ERP Systems Get Your Business in Alignment
- Written By: John O’Hara
- Blog Post Blurb: If you want to scale, you need systems that are scalable. An ERP is that scalable system businesses need to align processes with strategy across divisions.
- Blog Post Offer 1 Description: Start growing your business with the right technology.
- Blog Post Offer 1 Link: https://meetings.hubspot.com/andrea-hill/15-minute-consult-with-andrea
When we think of ERP systems (and we think a lot about ERP systems), we tend to imagine the complex systems that coordinate the operations of massive enterprises employing thousands of people across multiple divisions around the country or the world. It’s right there in the name: Enterprise Resource Planning. It’s time to rethink the ERP system. It’s not just for enterprise-sized businesses anymore. If you run a small business and your goals involve growth, you probably need an ERP.
Microbusinesses with one or just a few employees might get by for a while without clearly mapped processes. For these businesses, scattered recordkeeping, disorganized folders, and working from spreadsheets with inconsistent formatting might be not much more than a nuisance and a source of minor frustration. But if you want to grow beyond “just getting by” and become a fully fledged small business or a mid-sized business employing 100 people or more, you’ll need to centralize your data and operations as soon as possible.
If you want to scale, you need systems that are scalable. An ERP is that scalable system every small or medium-sized business needs to reduce errors, improve efficiency, automate all of those little administrative tasks that take up a lot of your time, and most importantly, align your strategy with your goals and the operations of every department, now and into the future.

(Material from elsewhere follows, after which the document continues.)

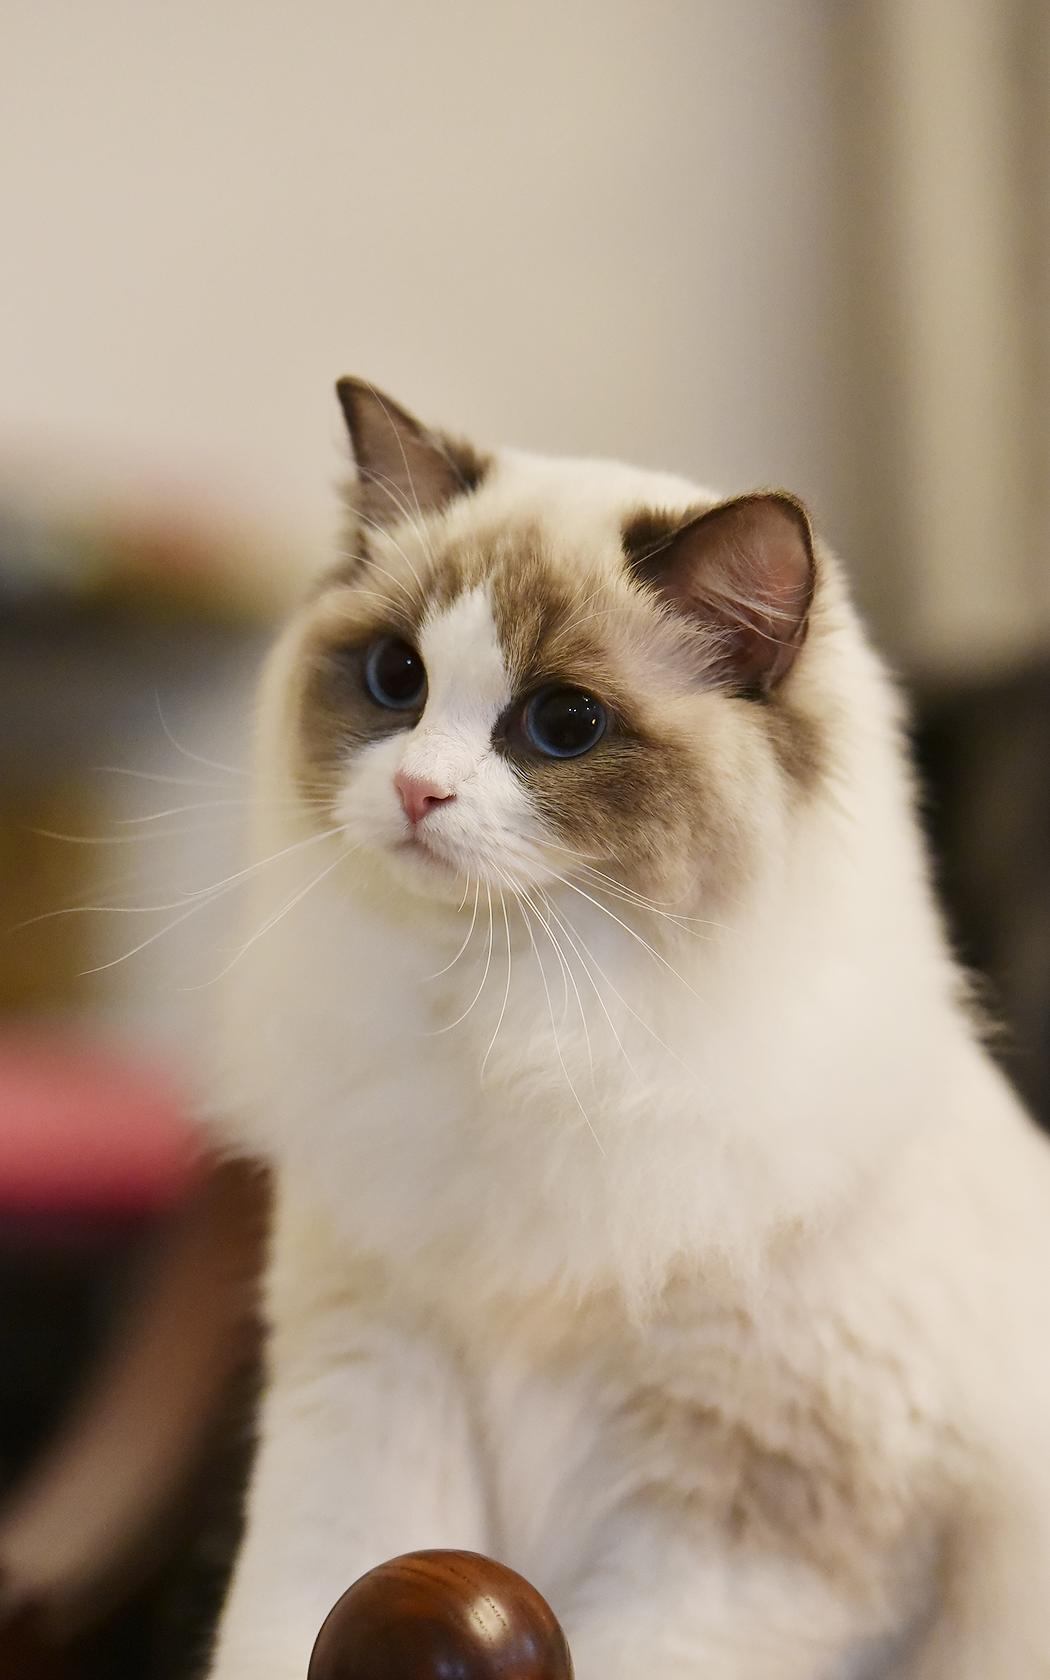 摄影作品网_布偶猫-chloe|摄影|动物|一猫爪拍死你 - 原创作品 - 站酷 (ZCOOL)

Alignment Is Not Just for Cars
Small businesses often have to overcome two distinct hurdles as they grow. The first is that the founder is used to doing a little bit of everything. They know how everything works, and everything funnels through them. The second is that as the company grows and employees are more left to their own devices, each department starts to develop its own processes if clear processes weren’t already laid down. This could lead to information silos and departments working toward their own goals in isolation. A business whose employees are working at cross purposes because they have no single source of truth is a business that is out of alignment.
When your car is out of alignment, you’ll find yourself tugging the steering wheel to the left just to keep the car going straight. The car wants to go to the right, you want it to go straight, and you end up wearing out your tires, using more gas, and causing damage to your tie rods, ball joints, and other parts you swear your mechanic is just making up on the spot so he can charge you more for repairs.
When parts of your business are out of alignment, they are pulling in different directions. You want your business to run straight in the direction of growth. Without an ERP system, marketing might have their own ideas of how to get there, and each member of the sales team might be using their own messaging that has nothing to do with the messages being pushed by marketing, and product development teams might not be listening to feedback from sales or customer support. Everyone has their own idea of how to do things.
Implemented correctly, an ERP system brings all of the parts of your business into alignment. It centralizes data and integrates all of these individual systems and processes into a single platform, where each department and team can communicate, collaborate, access the most up-to-date information, and work from the same playbook. This level of integration gets operations, sales, and marketing all working toward the same goal and putting out a unified message to customers.
The ERP Mindset
ERP systems don’t just do this on their own. ERP isn’t just a piece of software; it’s a mindset. It’s a commitment to a better way of running your business, and the shift to an ERP mindset has to occur before you install an ERP system. The first step is to set yourself up for a successful implementation. That means developing a growth strategy, setting goals, and developing the frameworks across all departments to help you meet those goals. Once your strategy is in place, an ERP system becomes the “brain” that keeps the many-limbed creature that is your business moving in the same direction.